FON’s (and serial numbers) on Gibson guitars are usually found either on the inside of the back of the guitar (inside the sound hole) or on the back of the headstock).
FON’s were used from 1902 to 1961.
Other Identifiers
There are some other ways you can get an idea of the age of your Gibson.
Logo
Gibson’s logo has been largely unchanged since 1947 but before that time the logo changed a bit, so you can use that to help identify the era your guitar was built.
Made in USA
From 1970 onwards a “Made in U.S.A” was engraved below the serial number. This can help determine if your guitar was from the 1960s or 1970s (some guitars during those 2 decades had the same serial number).
Other Features
You can also use other features to help identify the time period of your instrument. Some of these include:
- Volutes: Extra bits of wood carved into the headstock where it meets the neck. These were starting to be added in 1969 – so if your instrument didn’t have them then it’s likely to be pre-1969
- Things such as tuners, capstans, plates can also give you clues – though remember that an older instrument could have had these items replaced so it’s not a definite clue.
Gibson Skylark Lap Steel Serial Numbers Lookup
Serial Numbers
O.k. so why discuss all these other aspects, when this post is supposed to be about serial numbers!
Good question – and the answer is simply that the serial number system used up until 1977 wasn’t the easiest or most reliable system – so you may not be able to accurately determine anything about your guitar using the serial number alone.
O.k., let’s take a look at the different time periods of serial numbers from Gibson Guitars.
1902-1947
The following serial numbers apply just to acoustic guitars.
During this period, the system was actually relatively simple. Guitars were just given the next available number.
The chart below shows the year that relates to the serial number. The serial numbers shown represent the approximate last serial number for that year. The first serial number for acoustic guitars was 100.

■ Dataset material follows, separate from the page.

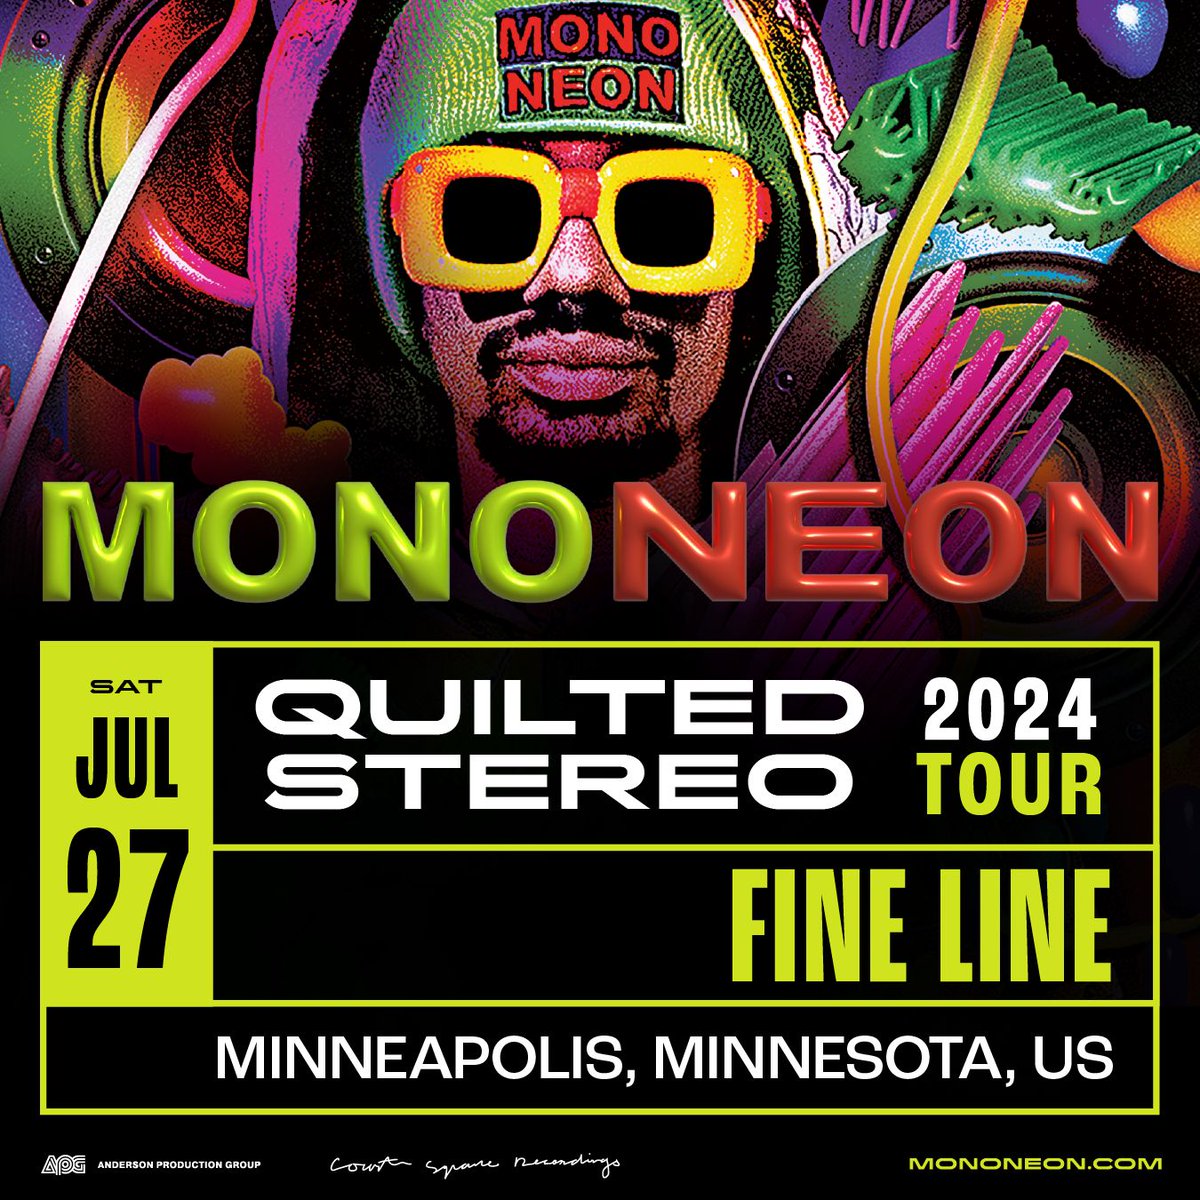 Just Announced: @MonoNeon at the Fine Line on Saturday, July 27. On sale Wednesday → firstavenue.me/3UWmk05

Year | Last Aprox Serial # |
1903 | 1150 |
1904 | 1850 |
1905 | 2550 |
1906 | 3350 |
1907 | 4250 |
1908 | 5450 |
1909 | 6950 |
1910 | 8750 |
1911 | 10850 |
1912 | 13350 |
1913 | 16100 |
1914 | 20150 |
1915 | 25150 |
1916 | 32000 |
1917 | 39500 |
1918 | 47900 |
1919 | 53800 |
1920 | 62200 |
1921 | 69300 |
1922 | 71400 |
1923 | 74900 |
1924 | 80300 |
1925 | 82700 |
1926 | 83600 |
1927 | 85400 |
1928 | 87300 |
1929 | 89750 |
1930 | 90200 |
1931 | 90450 |
1932 | 90700 |
1933 | 91400 |
1934 | 92300 |
1935 | 92800 |
1936 | 94100 |
1937 | 95200 |
1938 | 95750 |
1939 | 96050 |
1940 | 96600 |
1941 | 97400 |
1942 | 97700 |
1943 | 97850 |
1944 | 98250 |
1945 | 98650 |
1946 | 99300 |
1947 | 99999 |
1947 to 1961
Once the serial numbers hit 99999, Gibson decided to change to a new system, rather than go into 6 digits.
The new system used a letter to prefix the numbers. The first guitar in this new system was A 100 which was in April of 1947.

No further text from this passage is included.